Kiedy mocno pada, spotykam no osiedlowych uliczkach ślimaki. Przenoszę je z chodnika na trawę, żeby ich nikt nie rozdeptał. Jest to czynność pozbawiona większego sensu. Po pierwsze dlatego, że nie dam rady przenieść wszystkich ślimaków. Po drugie dlatego, że nawet po przeniesieniu ślimak może już za tydzień wrócić na ten chodnik i zginąć pod czyimś rączym obcasem (ba, nawet pod moim krótkowzrocznym kaloszem).

Ale przenoszę te ślimaki, bo ich nieprzenoszenie wydaje mi się jeszcze bardziej bez sensu niż przenoszenie.

Ze sobą samą mam podobnie. Nadaję swojemu życiu horyzonty, wyznaczam sobie zadania, szukam celów, choć jest to wszystko pozbawione sensu. Łudzę się, że robię więcej, niż robię, i znaczę więcej, niż znaczę. A przecież tak naprawdę nie wiem, po co tu jestem i co w zasadzie powinnam ze swoim życiem robić. Ufam Bogu, że do czegoś mu byłam potrzebna, skoro jestem, choć mogło mnie równie dobrze nie być. Robię to, bo gdybym tego nie robiła, to byłoby jeszcze bardziej bez sensu.

Komentarze

  1. Jaaa...
    Ty jak zapodasz notkę to ja ją najpierw z 4 razy muszę przeczytać, a potem NIE WIEM ;)

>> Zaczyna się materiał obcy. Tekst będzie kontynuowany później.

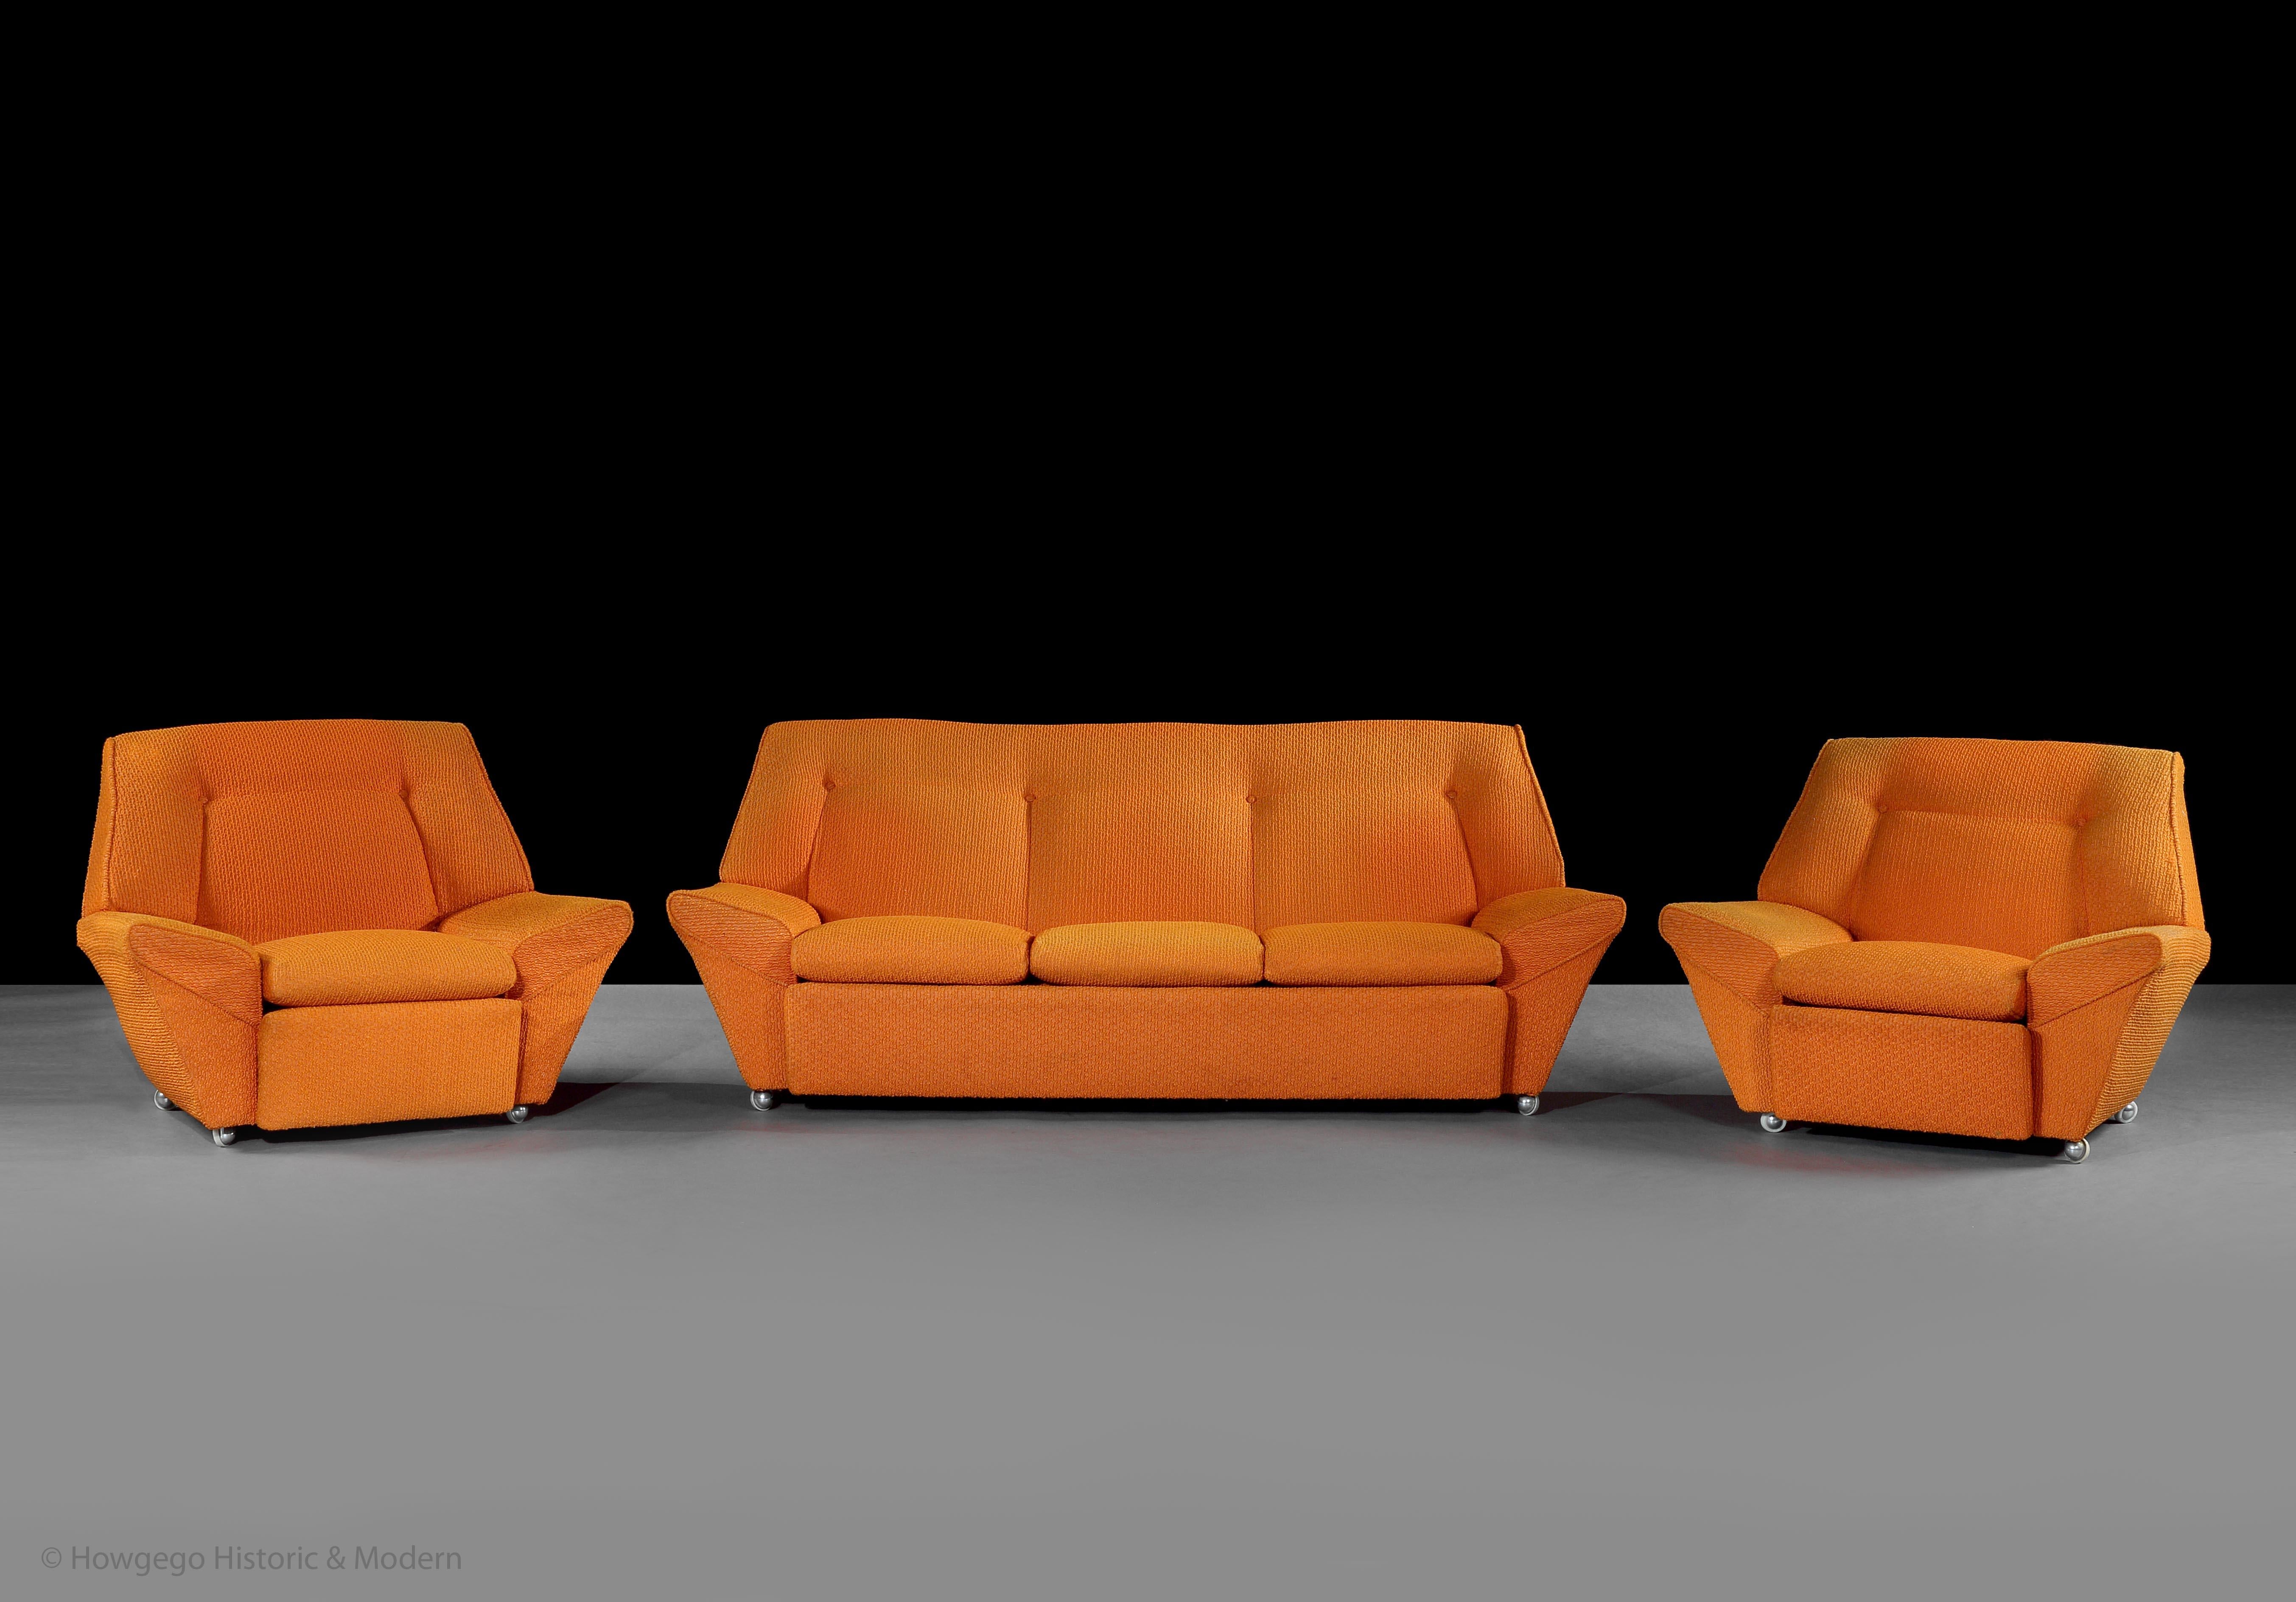 Rare, vintage 1970's, 3-piece lounge suite comprising a 3 seater, settee or sofa and a pair of armchairs all with original, orange boucle upholstery in fabulous condition and original castors


Just purchased more information to follow or available

    No bo tak, to że jestem nie znaczy dla mnie, że moja istnienie jest nieodzowne i w ogóle ma w sobie coś z boskiego planu. Pewnie tak jest, ale ja tak nie myślę ;)
    Ślimaków nie przenoszę. Mam w sobie za dużo obojętności i chłodu na los slimaków. moja wrażliwość zaczyna się od ssaków. Niestety. A i to nie dotyczy wszystkich ssaków. Ogólnie sadzę, że świat jest zimnym i niefajnym miejscem. Zdarzają się fajne chwile. No ale to jeszcze nie znaczy, że jest dobrze.

    Kiedy tak Cię czytam (zawsze kiedy czytam, co piszesz) to myślę że Ty jesteś dobrym i uczciwym człowiekiem. Takim nieudawanie dobrym. Takim prawdziwym.

    I przywracasz mi wiarę w ludzi. choćby na chwilę.

    cmok:*

    OdpowiedzUsuń
    Odpowiedzi
    1. @J: J. kochana, ja tu z tym brzuchem i hormonem bulgocącym się wzruszam zaraz i teraz się popłaczę, że Ty jesteś dla mnie taka miła. A na Twoje pochwały to ja się postaram zasłużyć :) :*

      Usuń
    2. Ty się weź ogranij z tym brzuchem i hormonami, bo ja naprawdę wiem, kto tu jest miły i dobry, a kto nie:P:P ;)))

      Usuń
    3. @J: O moja droga, jakbym ja umiała się z tymi hormonami ogarnąć, to bym nie była ciągle bliska płaczu ;)

      Usuń
    4. Też chcę się ogarnąć z hormonami. Tymczasem napisałam wiersz o ciąży, so pathetic :)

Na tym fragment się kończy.